With regards to Hostopia.com’s specific situation, while we were growing, we were still too small to do an offering in the U.S. Additional costs of $350,000 would have hit our bottom line. We soon realized TSX was a Tier 1 exchange and would be a great stepping stone and training ground for NASDAQ. We were able to achieve our objective of raising close to $29 million on TSX, which, in turn, granted us a greater profile. Several analysts became interested in the Hostopia business model and became vocal about the company’s value. This was another invaluable benefit of listing with the TSX.
2. What benefits did a listing on TSX offer over a listing on another foreign exchange, such as London’s AIM?
We considered options like AIM, but given our North American presence, it didn’t make sense. In addition we felt AIM did not have as good a reputation as TSX and would make it more difficult for us to expand to the Nasdaq market in the future. TSX has a great reputation and a history of benefiting smaller companies such as ours.
3. Tell us a little about how your IPO went.
We were successful at raising almost $29 million with strong backing from both Canadian and U.S. institutions. The fact that TSX is well known by U.S. institutions helped us raise the funds we needed. As I mentioned, the exposure we got afterwards by opening on TSX, and getting on the Toronto Media business shows, was, and continues to be, excellent. We have also been very pleased with the help from TSX Surveillance in making the reporting methods and regulations clear.
4. What were some of the challenges you encountered going public on TSX?
The most difficult issue was that we still had to file with the SEC. The regulators in Canada were very easy to deal with, but getting our final prospectus approved by the SEC took much longer and cost a lot more than we expected it would.
5. What practical advice would you offer American entrepreneurs considering a listing on TSX?
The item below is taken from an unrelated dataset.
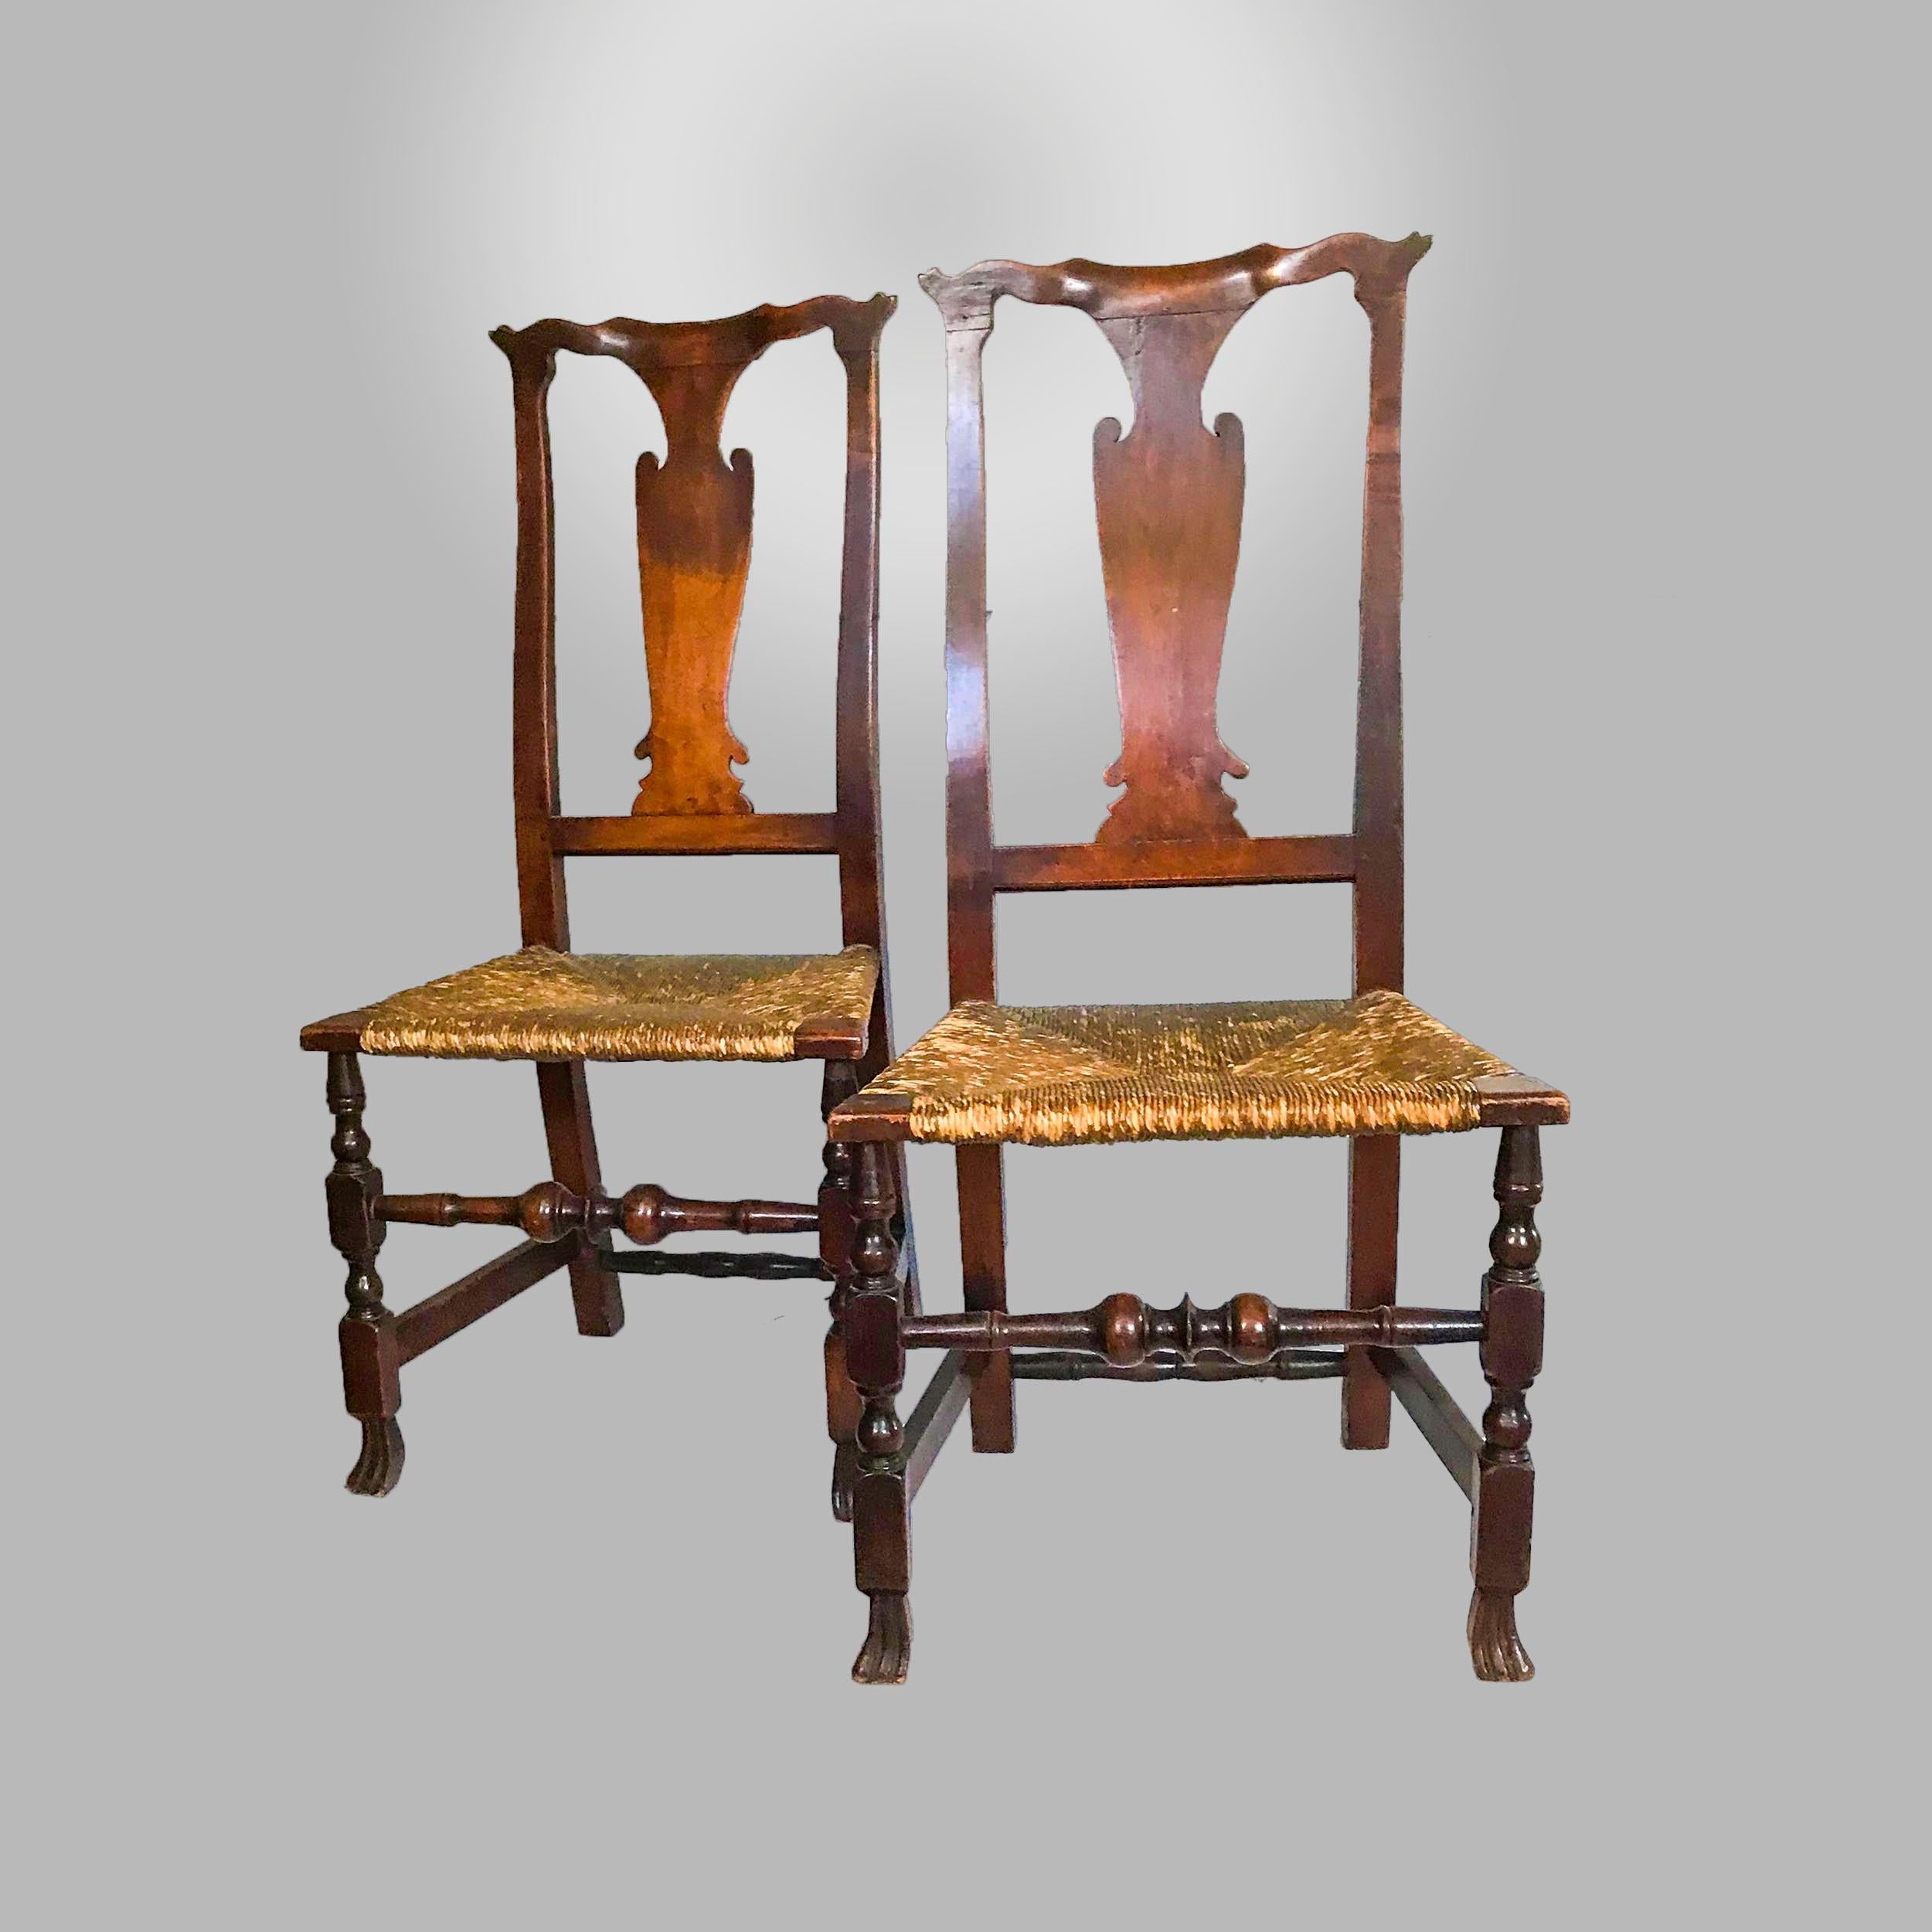 Made of walnut each with chamfered yoke crest with raked ears, shaped vase splat and rush seat, block and turned legs with boldly turned front stretcher ending in Spanish feet
Southern Massachusetts, possible Nantucket, circa 1740-1760.
 

First and foremost, determine if you really need to go public. We had venture capital rights and capital requirements that made it a priority for us. If I had my choice, I may have waited a couple of more years to develop the business and grow revenues and EBITDA to a point where getting to NASDAQ would have been feasible. .That being said, we believe the additional capital will accelerate our growth and help us consolidate our market. If you do decide to go public with revenue between $25-$50 million, I think TSX makes a lot of sense for young technology companies.